Perceived burden and quality of life of caregivers in obsessive–compulsive disorder

Abstract

The study aimed to examine the family burden and quality of life (QOL) of caregivers of patients with obsessive-compulsive disorder (OCD). A cross-sectional assessment of 50 patients with OCD and their caregivers was carried out. The severity of OCD was assessed using the Yale-Brown Obsessive Compulsive Scale. The caregivers were assessed using the Family Burden Interview Schedule and the World Health Organization Quality of Life BREF version (WHOQOL-BREF).
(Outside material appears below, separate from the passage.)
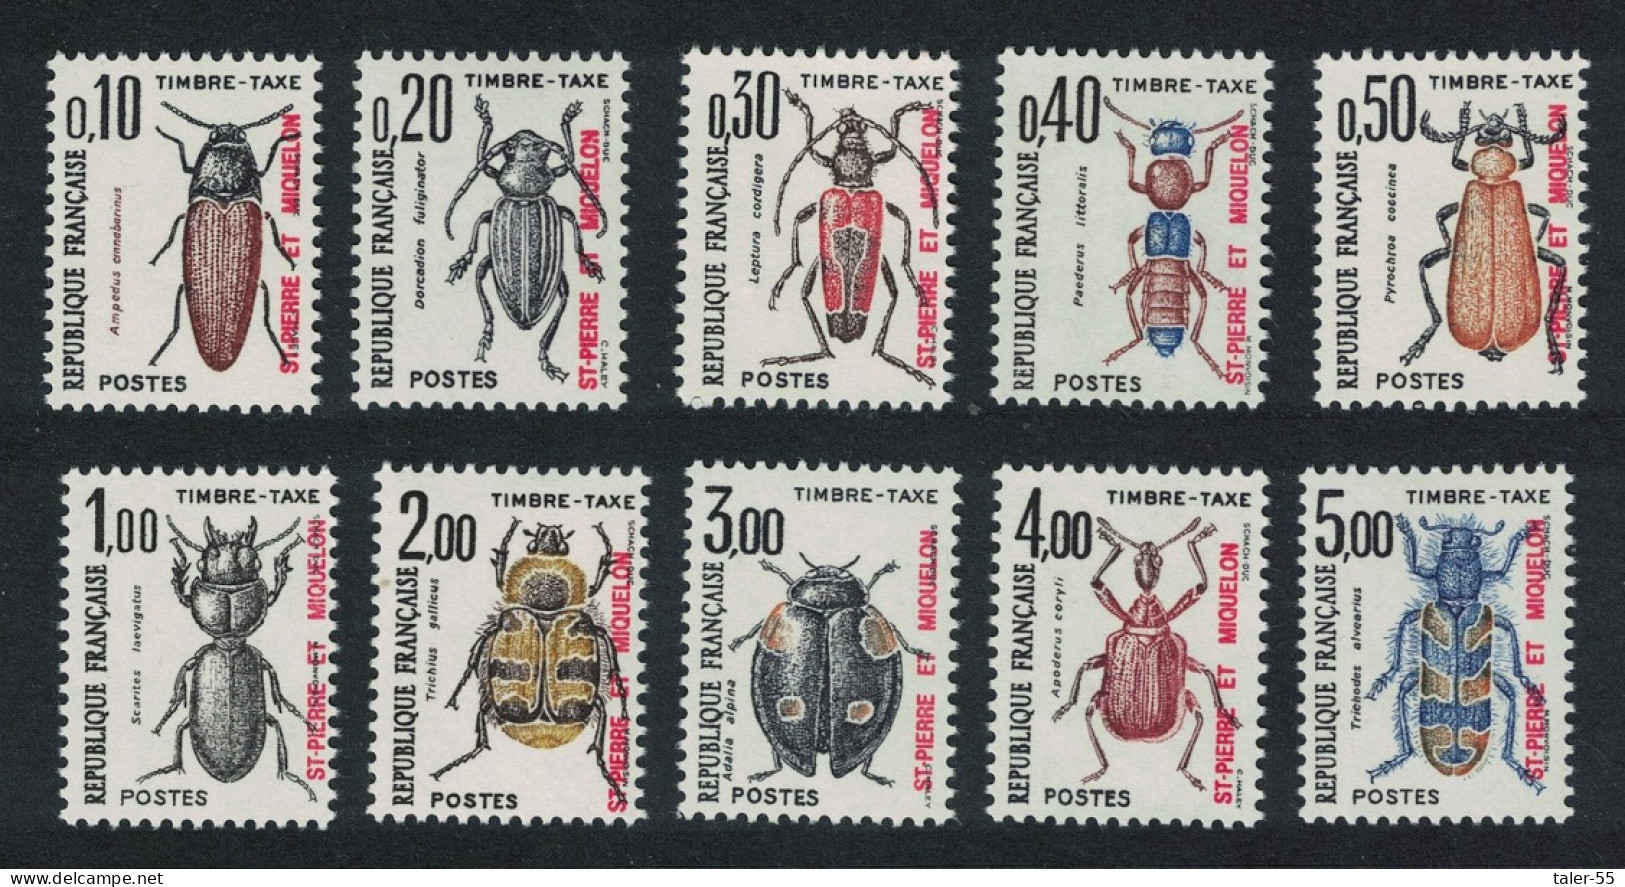 St. Pierre And Miquelon Beetles Insects Postage Due 10v 1986 MNH SG#D569-D578 - Nuovi

Fifty-six percent of caregivers reported a high objective burden. Severity of illness correlated with burden and impaired QOL of caregivers. Age of patient, longer duration of illness and longer duration of treatment were predictive of poorer QOL of caregivers in the physical health domain. Greater objective burden, disruption of family leisure and interaction due to OCD led to significantly poorer QOL in all domains in caregivers. Higher financial burden, perception of poorer mental health, and higher subjective burden were predictive of poorer physical, general health and general and psychological QOL, respectively. The study provides important insights into the QOL and perceived burden of caregivers of OCD patients. It highlights the need for improving the quality of care not only for patients but also for primary caregivers.